Long-Term Efficacy of rTMS Treatment in Various Cognitive Domains
Only 4 articles with follow-up data were included, 2 of which only followed up patients for 2 weeks, and the others followed up patients for 1 months and 3 months, respectively. Due to the heterogeneity of language function within the group (I2 = 55%), random effect model were used. Various cognitive domains results were shown in Figure 6.
Processing Speed
Data of rTMS treatment on processing speed from 3 studies were analyzed, which included a total of 109 patients. There was no significant difference between rTMS and the sham operations during follow-up (Figure 6).
Executive Function
Data of rTMS treatment on executive function from 4 studies were analyzed, which included a total of 119 patients. There was no significant difference between rTMS and the sham operations during follow-up (Figure 6).
Working Memory
Data of rTMS treatment on working memory from 4 studies were analyzed, which included a total of 125 patients. The result showed that rTMS stimulation had a significant long-term efficacy compared to sham-stimulation (SMD = 0.45, 95% CI, 0.09–0.80, P = 0.01) (Figure 6).
Language Function
Data of rTMS treatment on language function from 4 studies were analyzed, which included a total of 113 patients. rTMS stimulation has produced significant long-term efficacy compared to sham stimulation (SMD = 0.77, 95% CI, 0.14–1.41, P = 0.02) (Figure 6).
Discussion
Although there were several earlier meta-analyses published on the effects of rTMS on the cognitive domain in psychiatric disorders, there was no specific and detailed systematic review on SZs. To our best knowledge, this study was the first meta-analysis on rTMS-treated cognitive domain in SZs. Our results supported the value and efficacy of high-frequency rTMS on improving the cognitive deficits in SZs, especially in working memory (both acute and long-term effects).

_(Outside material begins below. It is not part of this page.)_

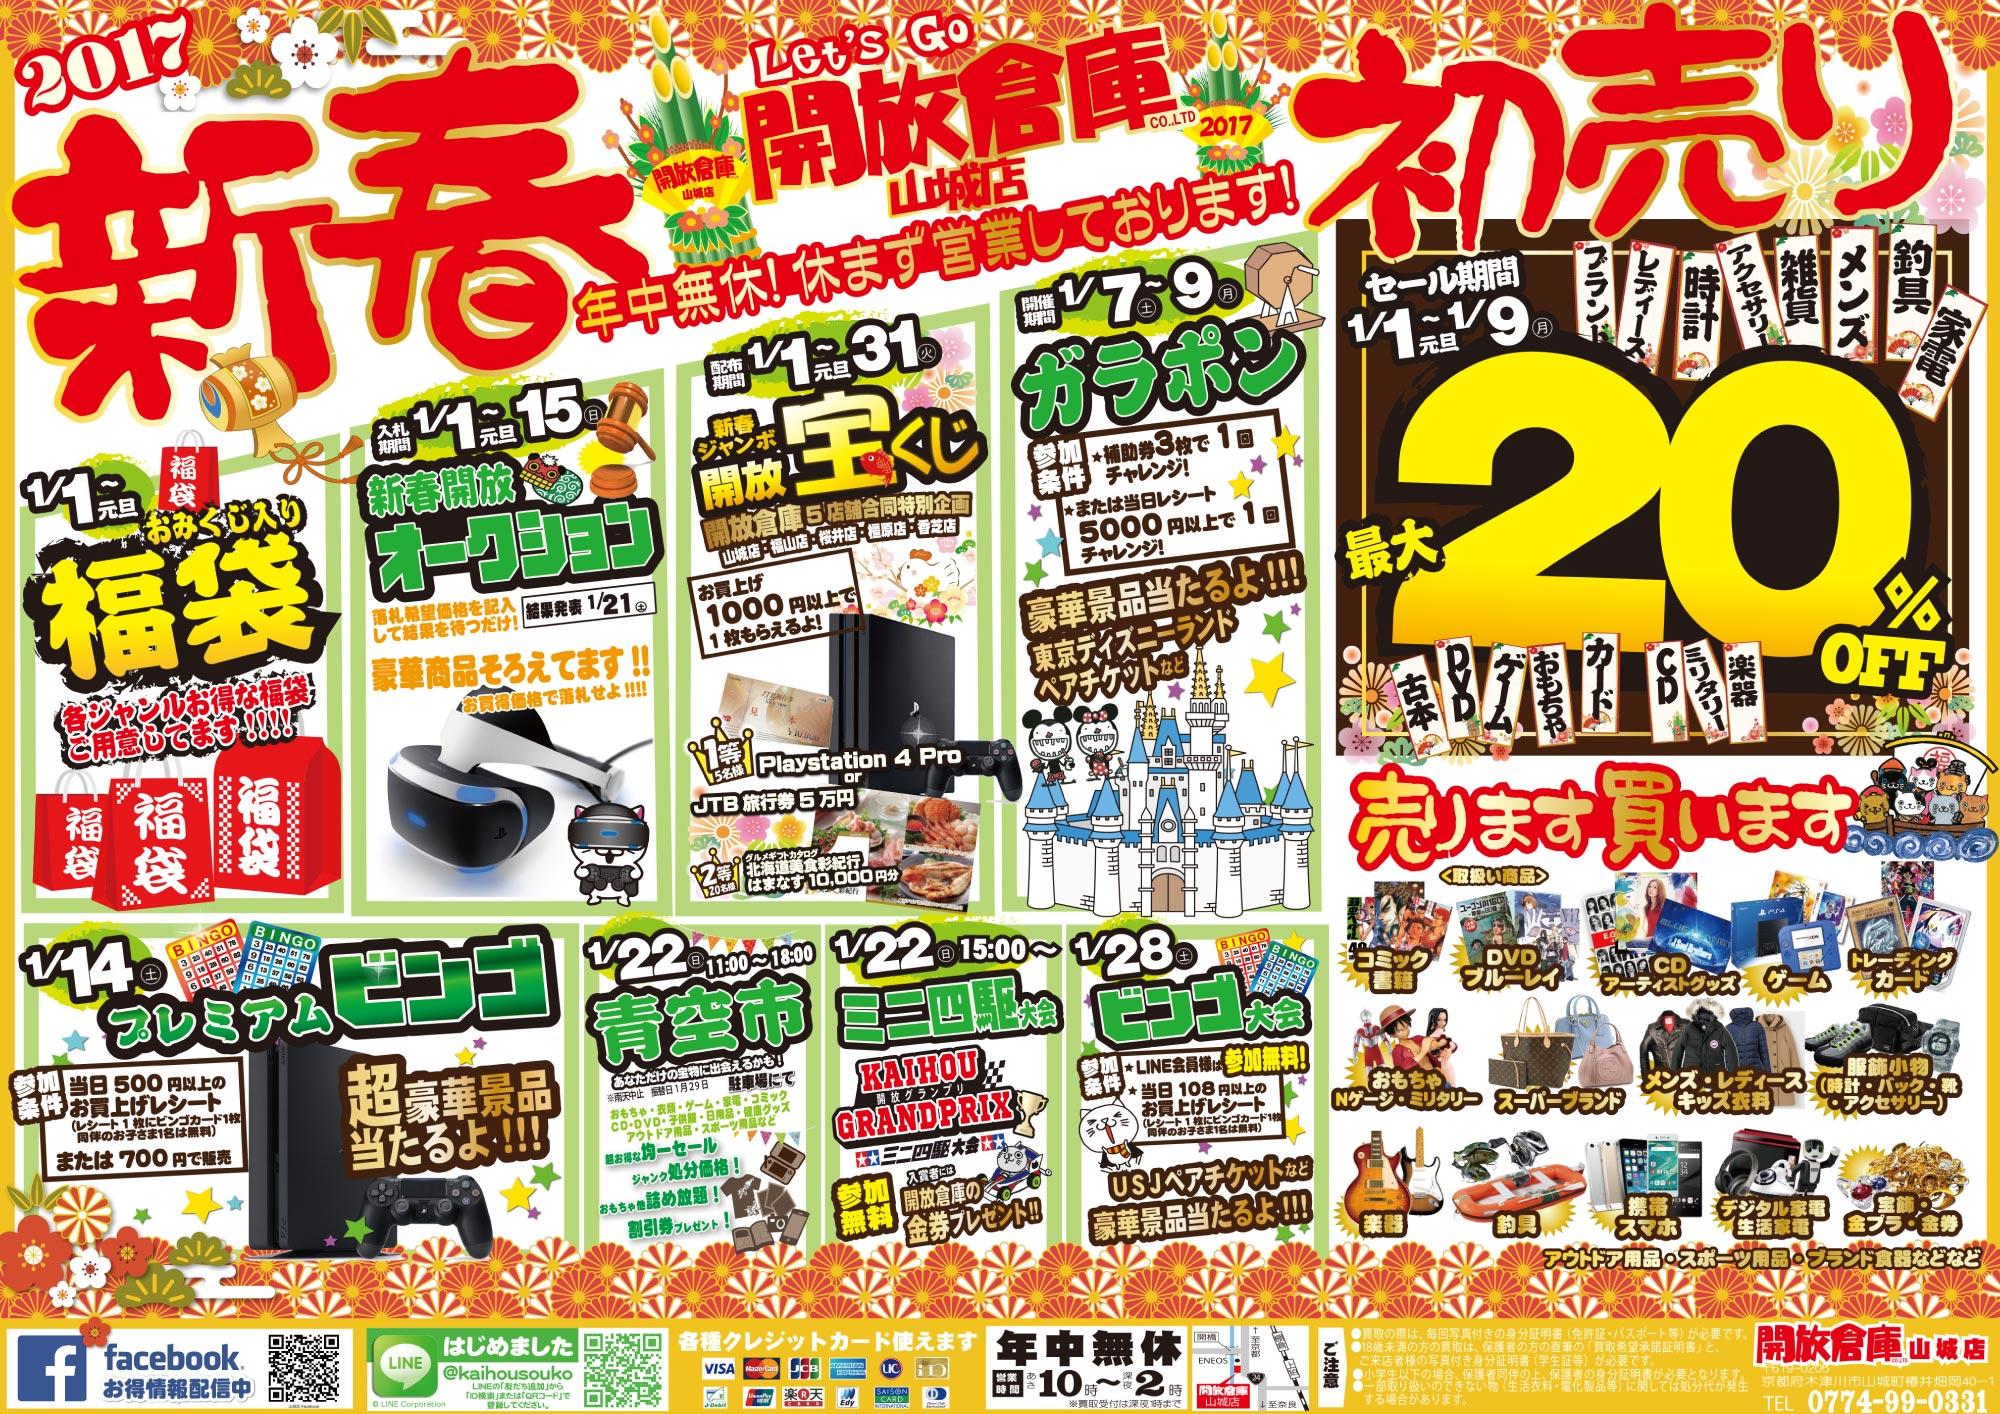 「開放倉庫山城店」2017年新春初売りチラシ!表面

Acute Effects of rTMS Treatment on Various Cognitive Domains
This meta-analysis of rTMS revealed a significant main effect size of rTMS on working memory in SZs, which was consistent with the results of Guse et al. (23) In fact, for the cognitive improvement, the similar report happened to other mental illness meta-analysis, for example Liao et al. (37) showed that high-frequency rTMS could represent a promising therapeutic method for improving the impaired cognitive function in dementia patients. Even in normal people, Moser et al. (38) performed rTMS stimulation (20 Hz and 80% MT) on DLPFC in 19 patients with dysfunction showed that the rTMS had significant effects. The exact mechanism of rTMS in the treatment of cognitive impairment is still not clear. But as far as we know rTMS could induce currents in local areas of the cerebral cortex through rapidly changing magnetic fields to reshape local brain function and functional connectivity in different brain regions. In recent years, with the development of neuroanatomical and functional imaging studies, the mystery of rTMS in the treatment of mental diseases has been further uncovered. Multiple studies (39, 40) have shown that dopamine (DA) neurotransmitters in SZs were disordered. The activity of DA neurons is regulated by activation and inhibition pathways in the prefrontal cortex, which is related to cognitive deficit. In fact, studies (41, 42) have found that activation in the prefrontal cortex can regulate the release of dopamine by rTMS, which may be the basis for treating cognitive deficit of SZs. In addition, most of the patients enrolled in this study had negative symptoms, the improvement of negative symptoms of SZs treated with high-frequency rTMS may improve the cognitive ability.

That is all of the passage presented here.